A blueprint for the way forward to ensure the future of equestrian sport was set out at the FEI general assembly, following 18 months of work and research by leading figures.
Professor Natalie Waran presented the FEI-appointed Equine Ethics and Wellbeing Commission’s (EEWC) final report at the general assembly in Mexico on 21 November, which covered public perception of horse sport and ensuring equines have a good life.
The report, titled A good life for horses: a vision for ensuring the future involvement of horses in sport, comprises 30 recommendations, asks the FEI to define what a good life for competition horses looks like and calls on everyone in the horse world to take accountability. In simple terms, these fall under the areas of: be a leader, be accountable, be trusted, be transparent and be proactive.
It also urges the FEI to adopt the “precautionary principle”. This means putting horse welfare as the focal point in decision-making by understanding that absence of evidence does not necessarily mean evidence of absence.
The recommendations include establishing a permanent FEI equine ethics and wellbeing independent advisory committee, to act as a “critical friend”, and provide external perspective and independent advice, and adopting an evidence-based approach for assessing the impact on horse welfare of new and existing items of tack and equipment. Another is for additional checks by trained professionals to ensure horses are always “fit to compete”. It also asks the FEI to develop and implement a robust FEI internal decision-making process, to ensure that equine welfare and ethics are prioritised when developing policy and in practice.
The main takeaway from Prof Waran’s presentation is that the future of horse sport rests on everyone’s shoulders.
“Everybody knows that changing the status quo can be extremely challenging. It’s hard because often people hang on to the old stuff, because they overestimate the value of what they have. And they can underestimate the value of what they might gain as a result of change,” said Prof Waran.
“That is why we really want to remind you that this is more of an evolution of the equestrian sports and not a revolution.
“Social acceptability isn’t something that you can market your way out of. It’s not something that nice pictures, or talking about partnerships and so on, is going to solve. Part of the story is telling the story well, but [public acceptance] isn’t able to be self-rewarded just on that basis.
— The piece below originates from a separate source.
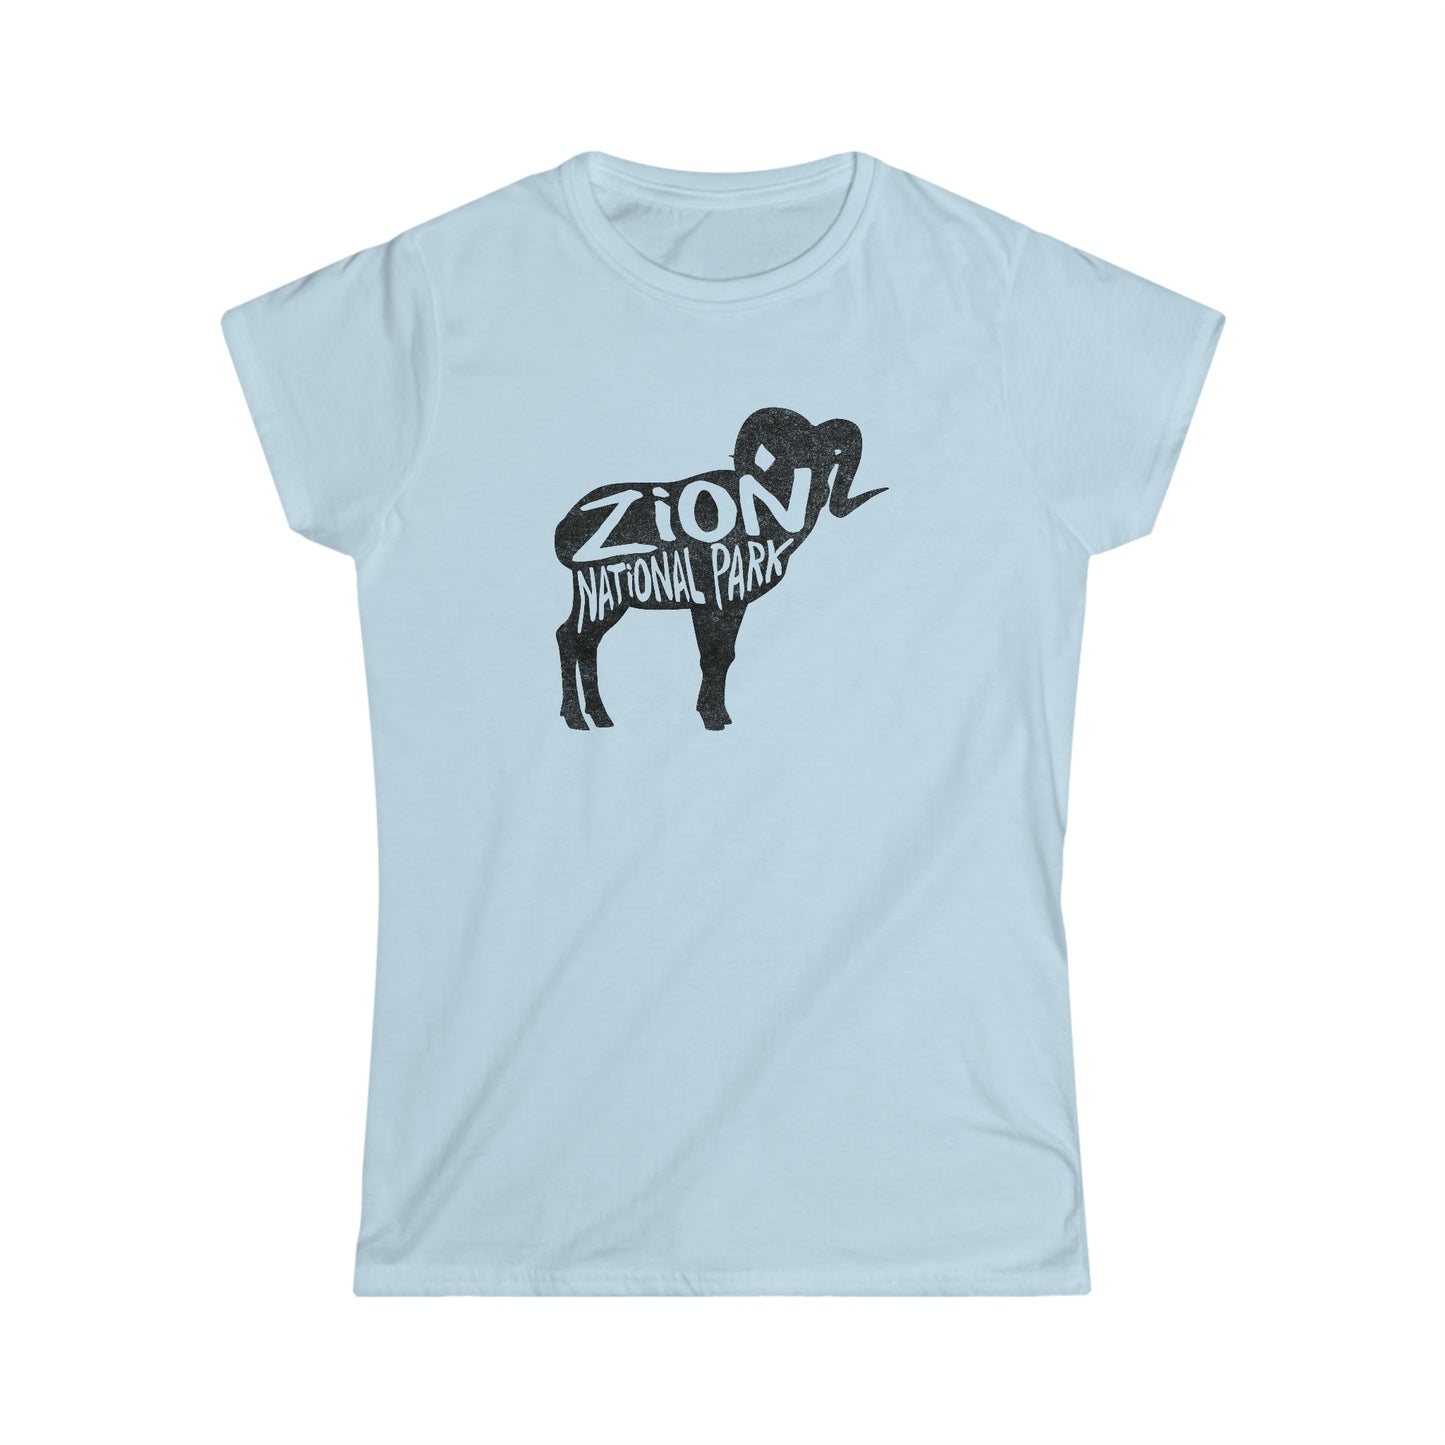 Zion National Park Women's T-Shirt - Bighorn Sheep

“The important thing is to earn trust, through listening and engaging and remaining legitimate, credible and accountable to that external scrutiny. Real commitment to prioritising equine welfare needs to be demonstrated not just by what we’ve written in the paper, and the work we’ve carried out over the 18 months we’ve been doing this, but by what is actually being done as a result of that work.
“Leadership is about you, every single person in this room, every national federation, every equestrian organisation and of course the FEI, overarching all of that. We believe that if we all show that responsibility, then we can certainly secure the future of equestrian sports.”
FEI president Ingmar de Vos commended the commission for this “important body of work” and added that this will “contribute to a larger strategy and concrete measures” that will be presented at the 2024 FEI sports forum.
World Horse Welfare chief executive Roly Owers, who was also presenting at the general assembly, said the report provides the equestrian world with a “really exciting opportunity”, adding that national federations being proactive “makes a huge difference”.
“We must demonstrate our ongoing commitment to both prioritising equine wellbeing and scrutinising everything we do from an ethical standpoint. We must do this in both word and action, because this is not just a communication exercise – ‘welfare washing’ will get us nowhere,” said Mr Owers.
“The ball is very much in our court and the future of horse sport will be dictated by how we play it.”